Prices in the property sector are anticipated to remain
high going into 2019 compared to regional peers, on the back of inflationary
pressures, a local research firm has said.
Old Mutual Securities (Omsec) said going into the New Year,
the property sector was set to see higher prices compared to regional peers on
the back of high costs of building materials for new developments.
“The short-term should prove difficult for property
companies but improved economic activity in the medium to long-term should
benefit the sector.
“We maintain that comparatively higher financing costs as
well as the high cost of building materials for new property developments will
see property prices remaining high when compared to regional peers,” the
analysts at Omsec said.
The country’s inflation firmed 10,16 percentage points in
November to settle at 31,01 percent, against currency uncertainty which has
forced most investors to hedge in the property sector.
Towards close of the third quarter, the country was hit by
a cement shortage, leaving the construction industry stranded, while in some
instances resorting to the black market.

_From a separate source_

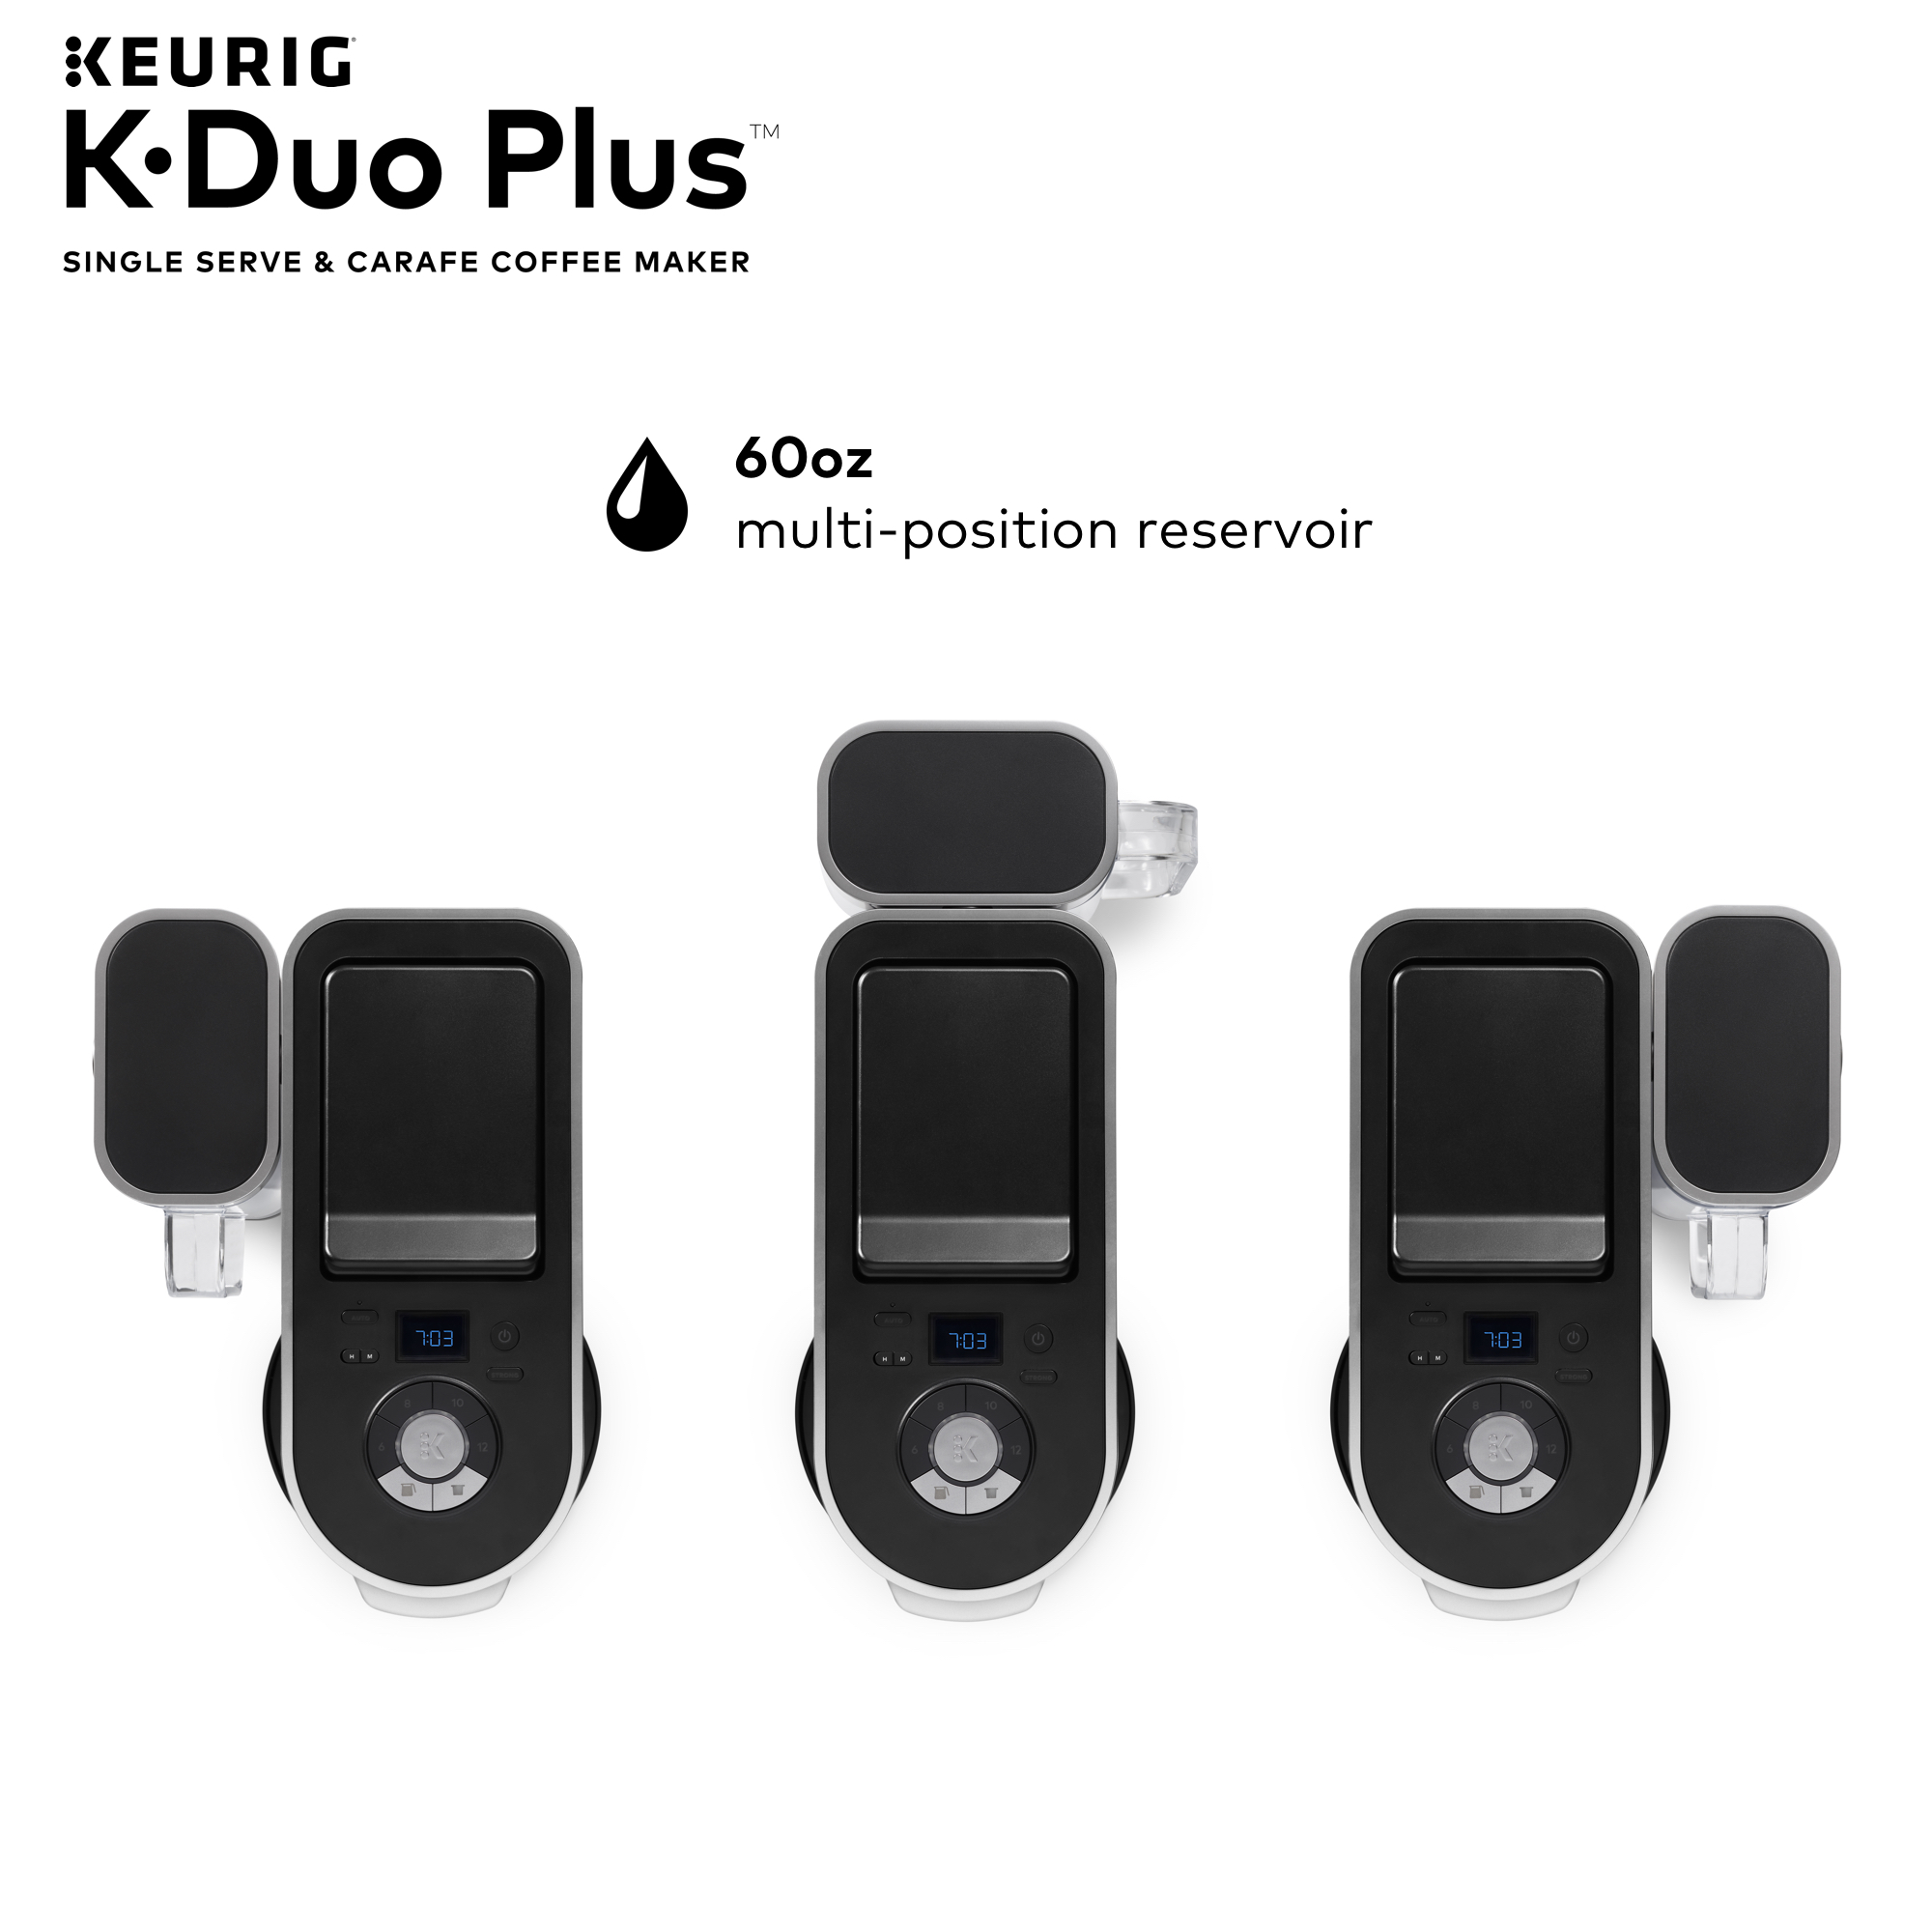 Keurig K-Duo Plus Single Serve & Carafe Coffee Maker - image 6 of 24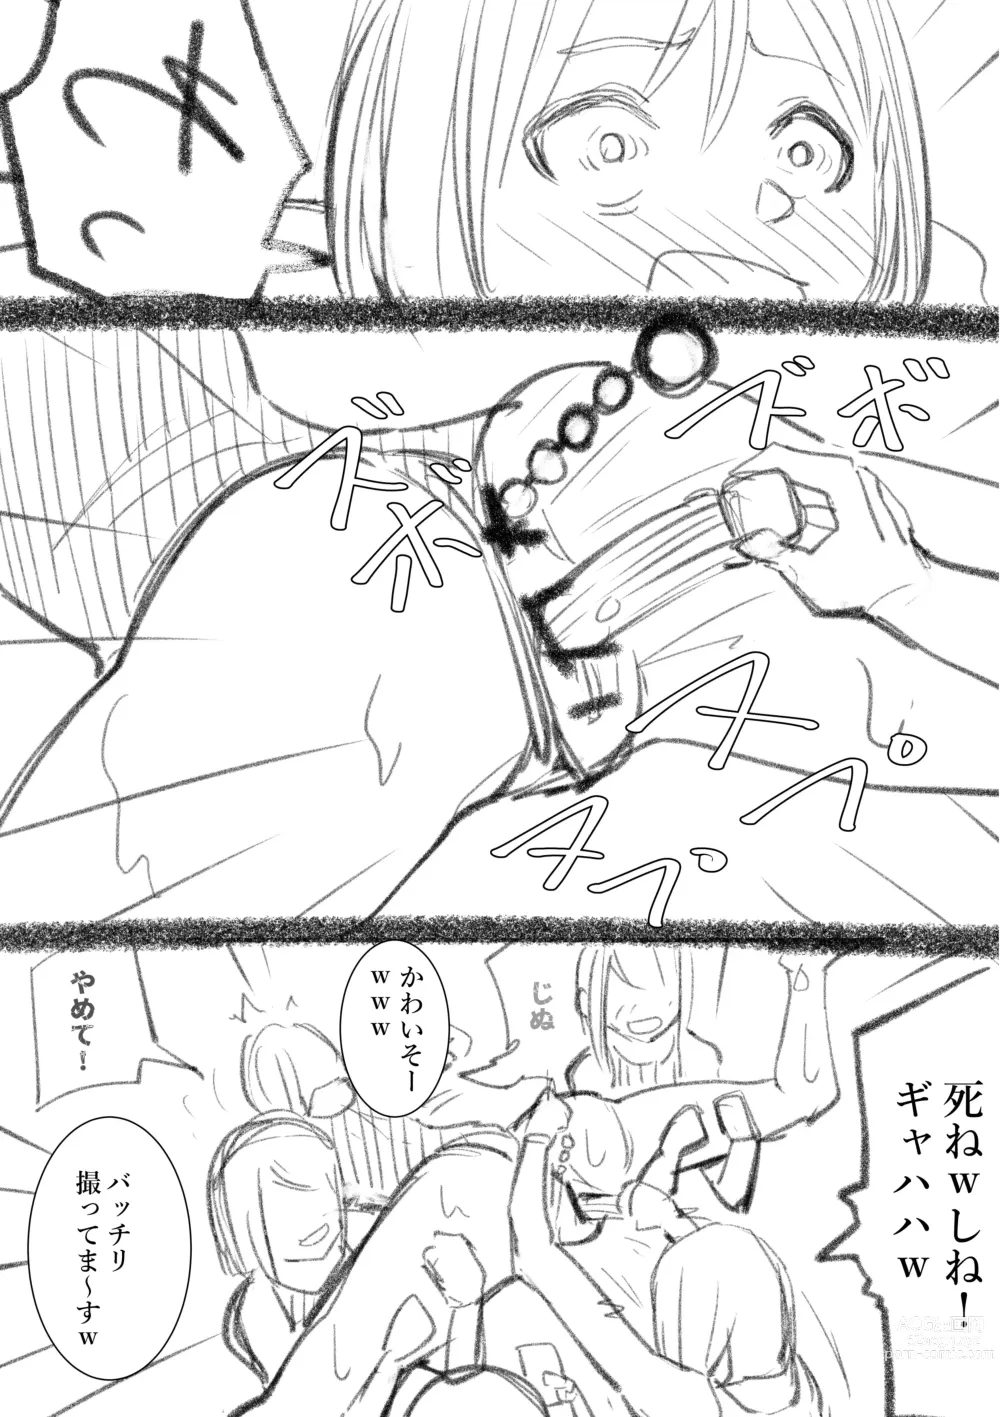 Page 219 of doujinshi Takamurafu manga

This, according to industry insiders,
also pushed the cost of inputs in the construction industry.
Meanwhile, IH Securities (IH), another research firm,
recently predicted property counters on the Zimbabwe Stock Exchange (ZSE) will
remain under pressure as voids continue to surge in the sector driven by weak
economic fundamentals.
According to IH, the ZSE’s property counters — First Mutual
Properties, Mashonaland Holdings, Dawn Properties and Zimre Property
Investments — had also seen softening demand on the back of a growing informal
sector with little use for commercial properties.
“While demand for office rental space in the CBD weakens, demand
for retail space remains relatively strong in both the CBD and suburban areas.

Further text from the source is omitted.